Many search engines use complicated ranking functions to estimate a name’s match to a given query. Their results are often based on factors such as how often, or how infrequently, a name appears in a document or set of documents. The match scores these search engines deliver is a ratio based on those frequencies. This scoring system is suboptimal for name matching because, while it gives users an idea of how often search teams appear, it does not clearly indicate how closely search terms match.
A better way
Technologically superior, API-based name matching solutions now on the market can alleviate these problems, improving customs and border security.

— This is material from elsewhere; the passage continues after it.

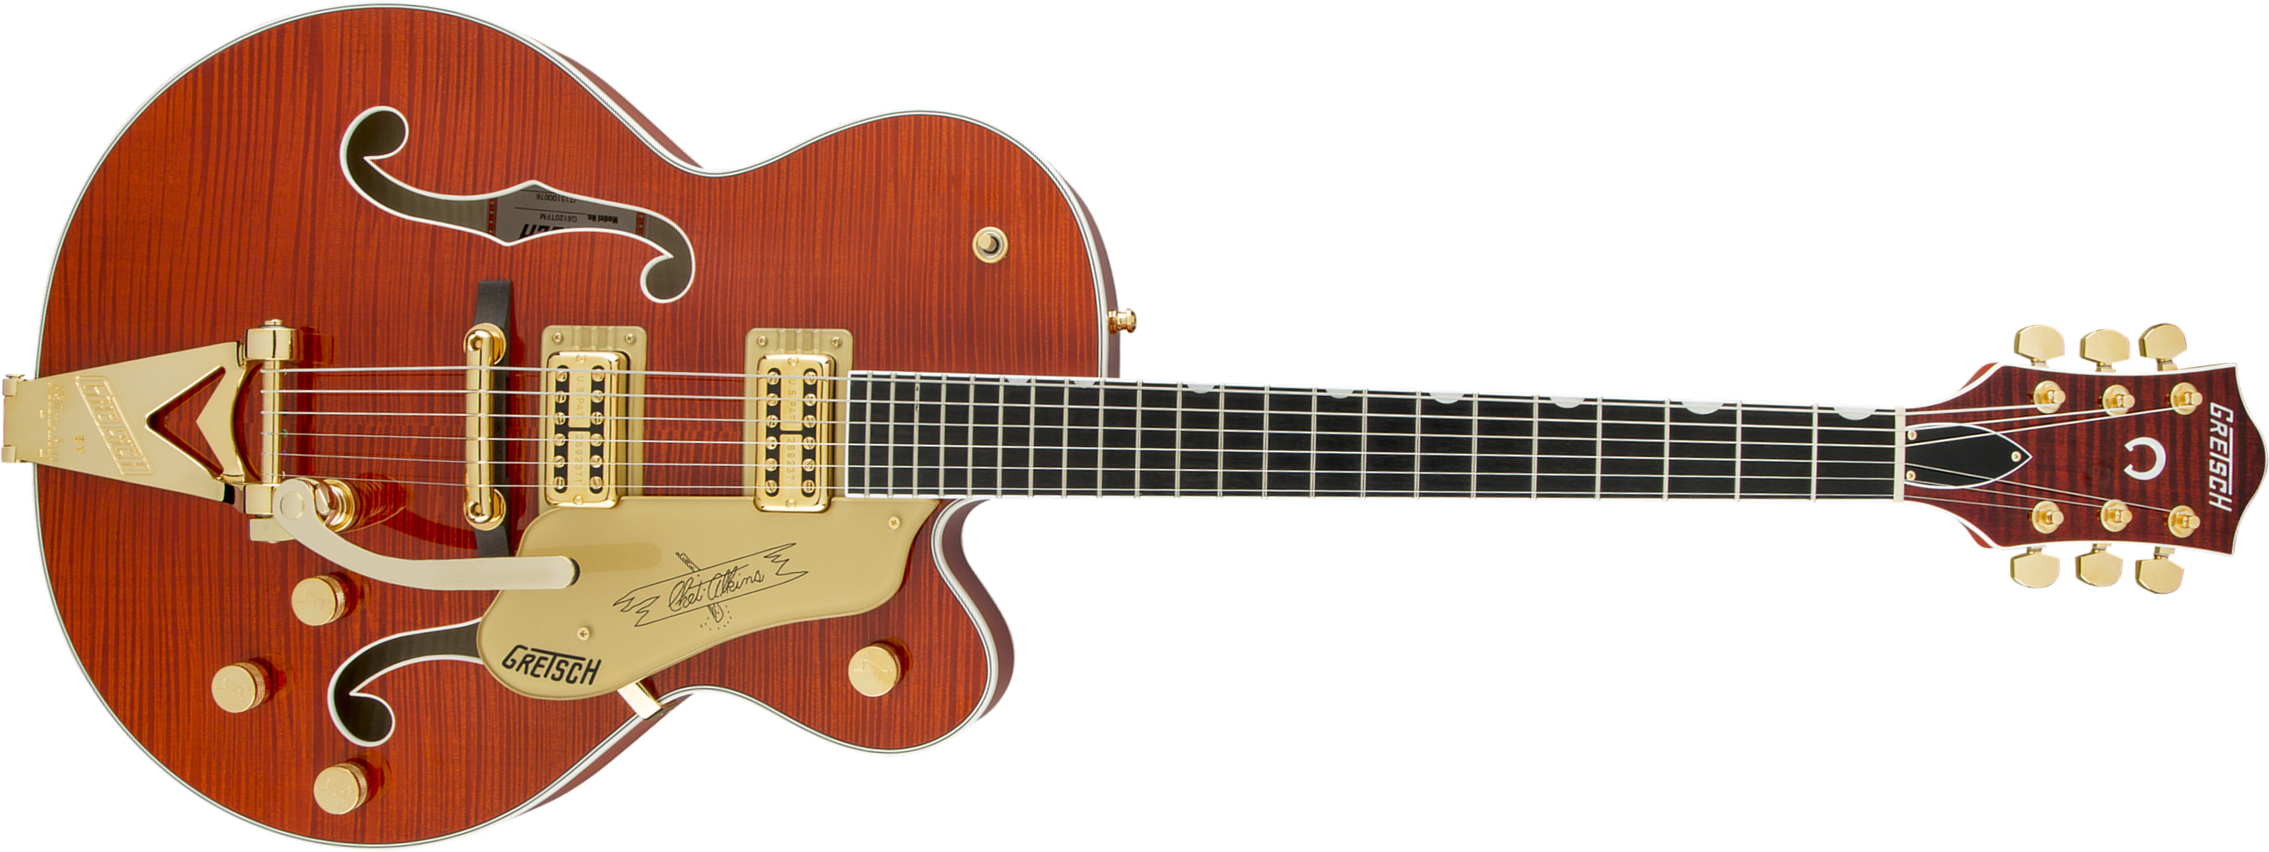 Gretsch G6120tfm Players Edition Nashville Pro Jap Bigsby Eb - Orange Stain - Guitare Électrique 1/2 Caisse - Main picture
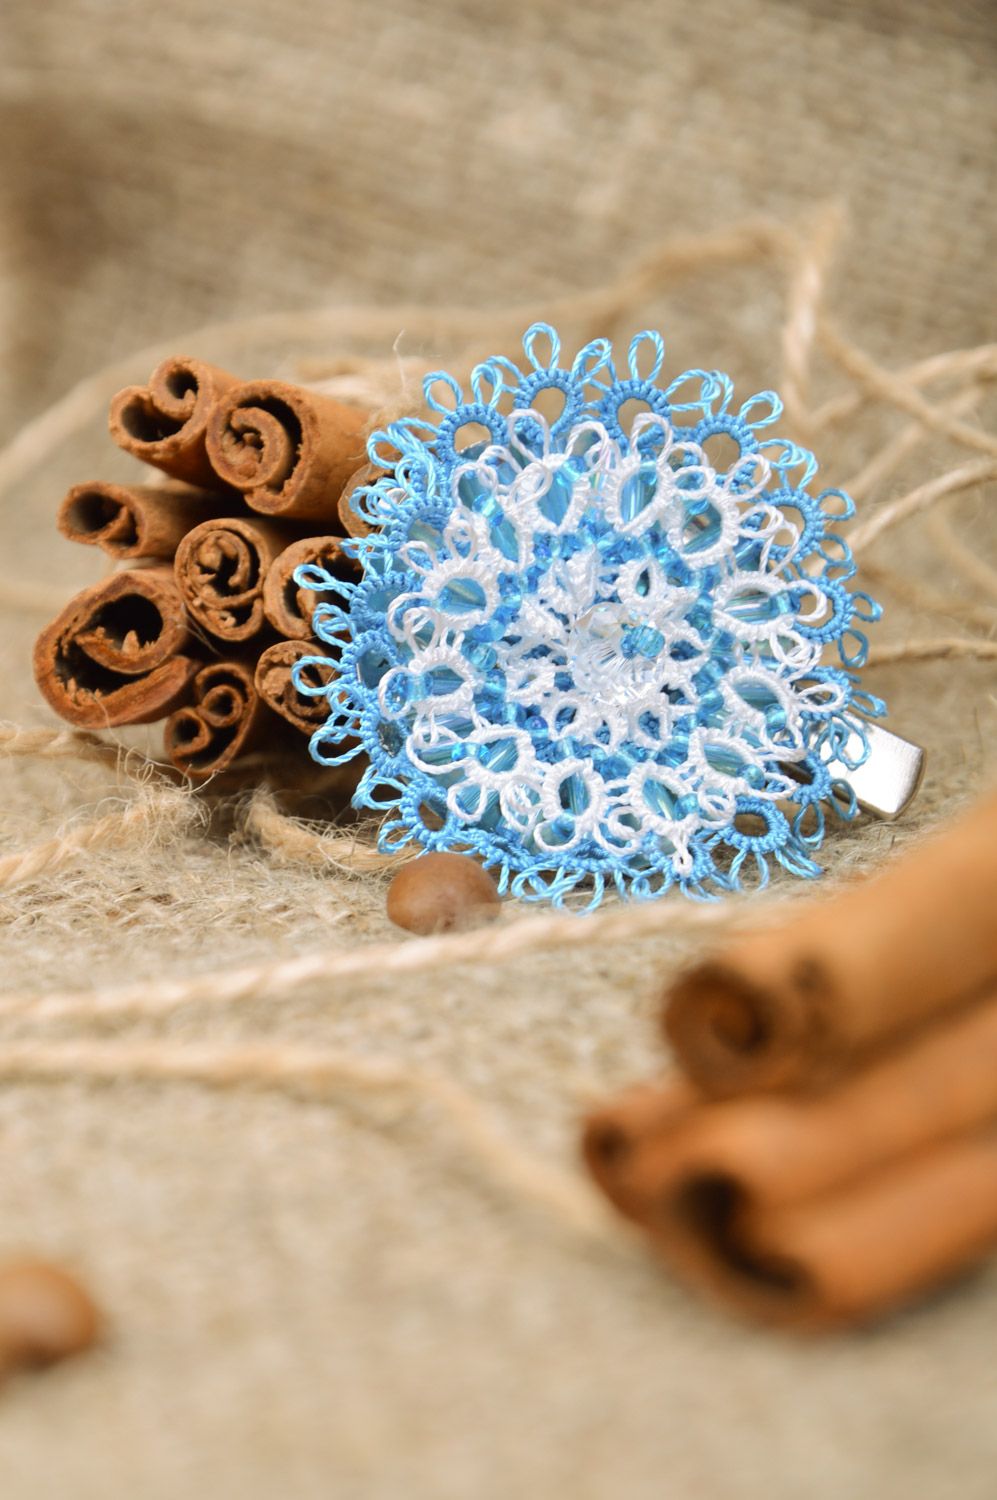 Текстильная брошь-заколка в виде голубого цветка в технике фриволите хэнд мэйд фото 1

AI-powered name matching systems match names across a broad variety of languages and scripts, detecting aliases, nicknames, and misspellings. To disambiguate names, (to find the right “John Aaron Smith”) they apply additional identifiers to each record. These identifiers help to differentiate between the real estate agent John Aaron Smith hoping to see Times Square and the John Aaron Smith who sells human beings. Similar capabilities help link corporate names to their nicknames and to names of their subsidiaries. In doing so, these systems both improve matching capabilities and dramatically reduce instances of false matches.
The best name matching technologies also provide clear scores, helping you to understand why two names have been deemed a “match” or a “mismatch,” thereby giving you confidence in the match obtained. Unhappy with the decisions your system has made? Good systems empower you to track the “matches” that you would consider a mismatch, track the “mismatches” you would consider a match, then adjust scoring paraments accordingly: giving more or less weight to parameters including disordered name components; translations or transliterations; initialisms; nickname and aliases, and homonyms and gender conflicts (John Aaron Smith vs. Jan Erin Smith). Finally, by improving match processes, these systems reduce the investigative time that must be spent responding to alerts.

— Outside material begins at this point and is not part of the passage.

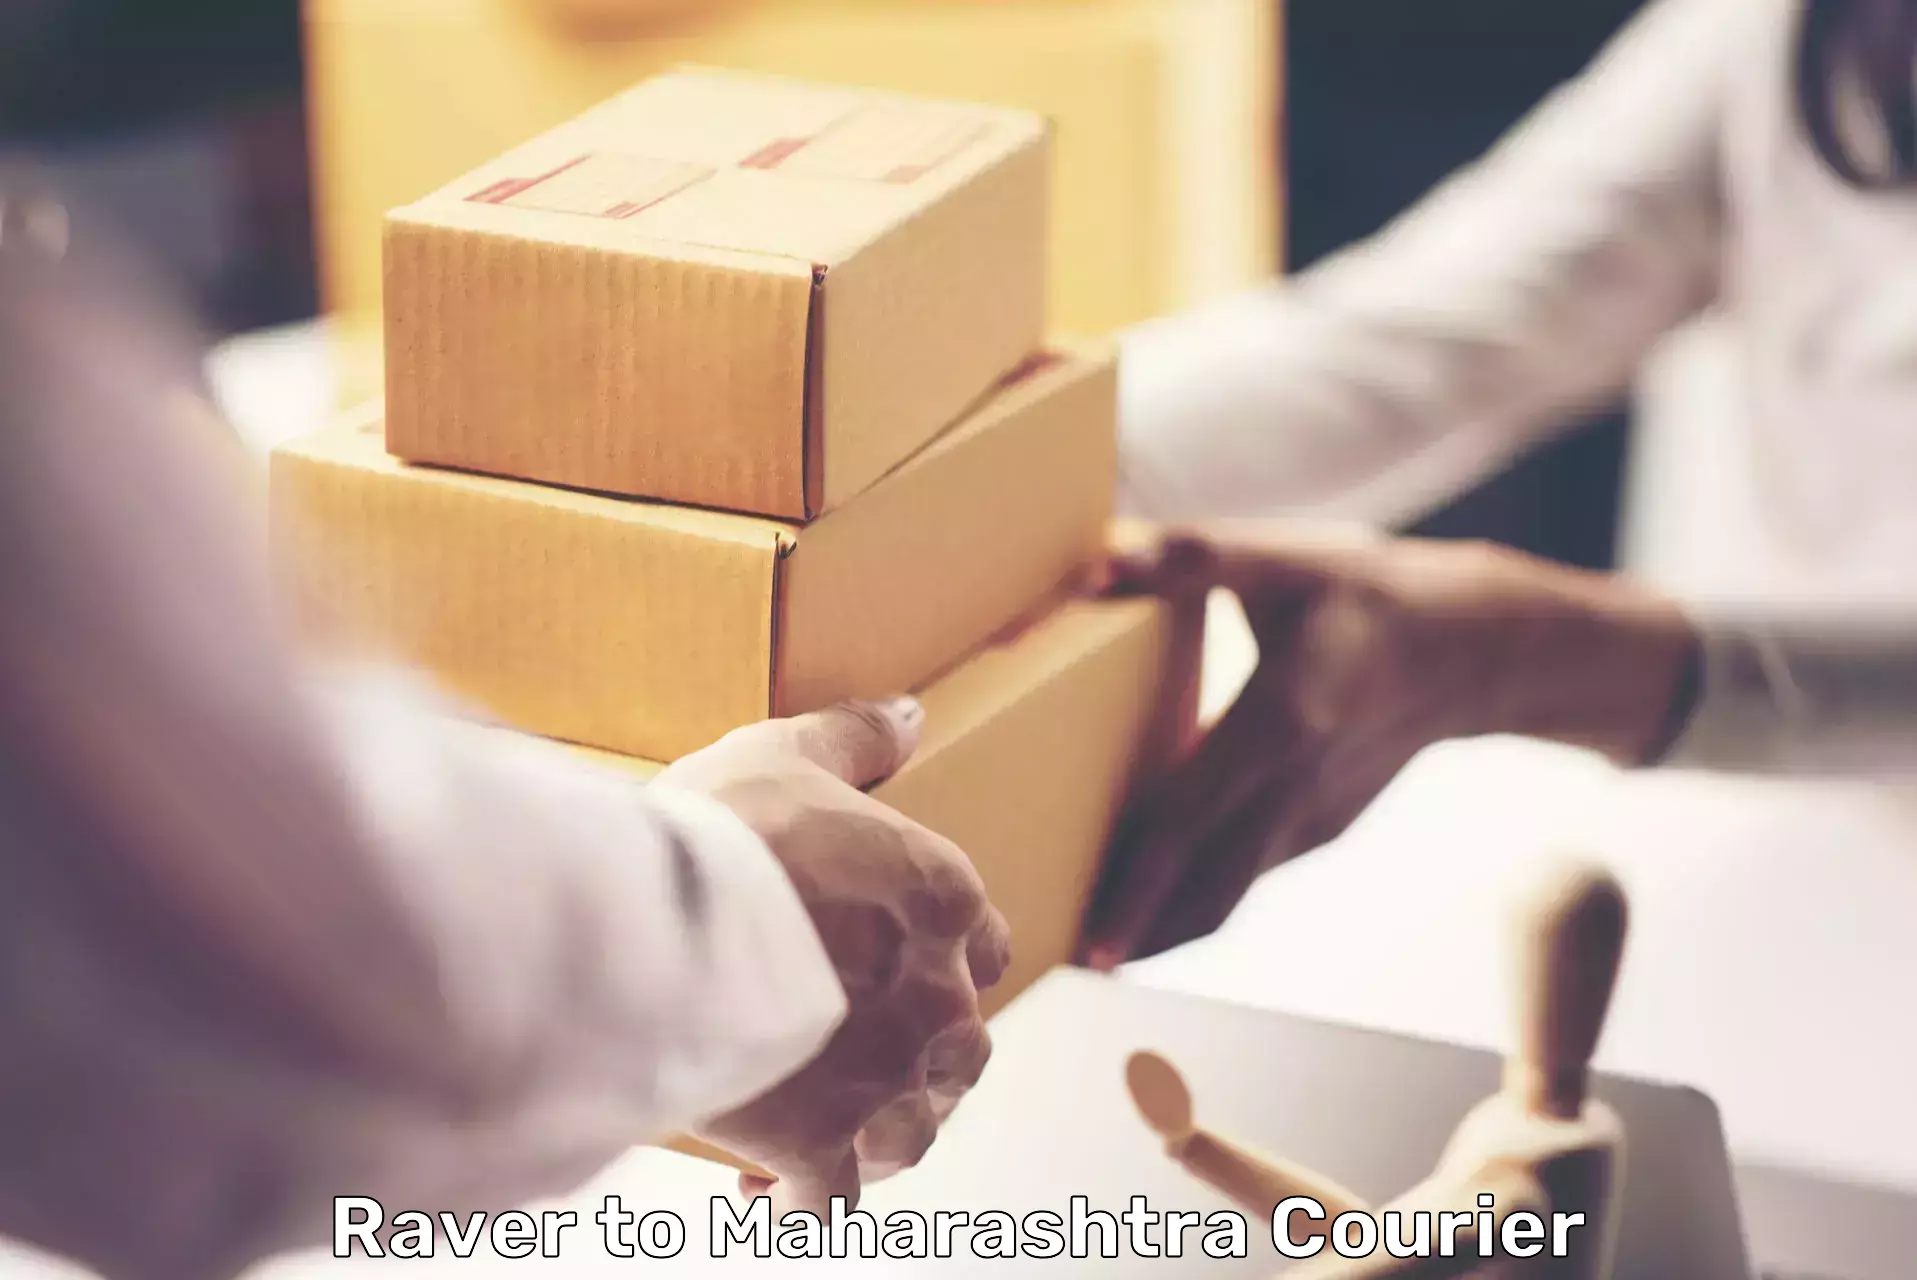 Bulk order courier in Raver to Maharashtra

About Rosette by Babel Street
Rosette by Babel Street is a scalable API-based software solution that enables increased automation of personal and organization name-matching and disambiguation across large volumes of structured and unstructured text. It employs AI-powered fuzzy matching capabilities to recognize names in all their varieties. Rosette’s language capability transliterates names from dozens of languages — including complex, non-Latin languages such as Arabic, Chinese, Hebrew, Japanese, Korean, and Russian.
Rosette can help you build confidence in your name-matching processes. Rather than just providing a “match/no match” report, Rosette provides normalized, actionable scores indicating its confidence in each match. Scores run from 0 to 1, with, as examples, a 0.5 indicating a 50% degree of confidence in the match, and 0.75 indicating a 75% degree of confidence. Enabling users to easily fine-tune more than 20 match parameters — and to see how matches are being scored and the decisions behind the scores — provides increased confidence in the validity of your matches while reducing the number of mismatches that must be examined manually.
With its highly flexible API architecture, Rosette is easily integrated into existing systems. Uniquely transparent and explainable, it is trusted by governments worldwide.
All names, companies, and incidents portrayed in this document are fictitious. No identification with actual persons (living or deceased), places, companies, and products are intended or should be inferred.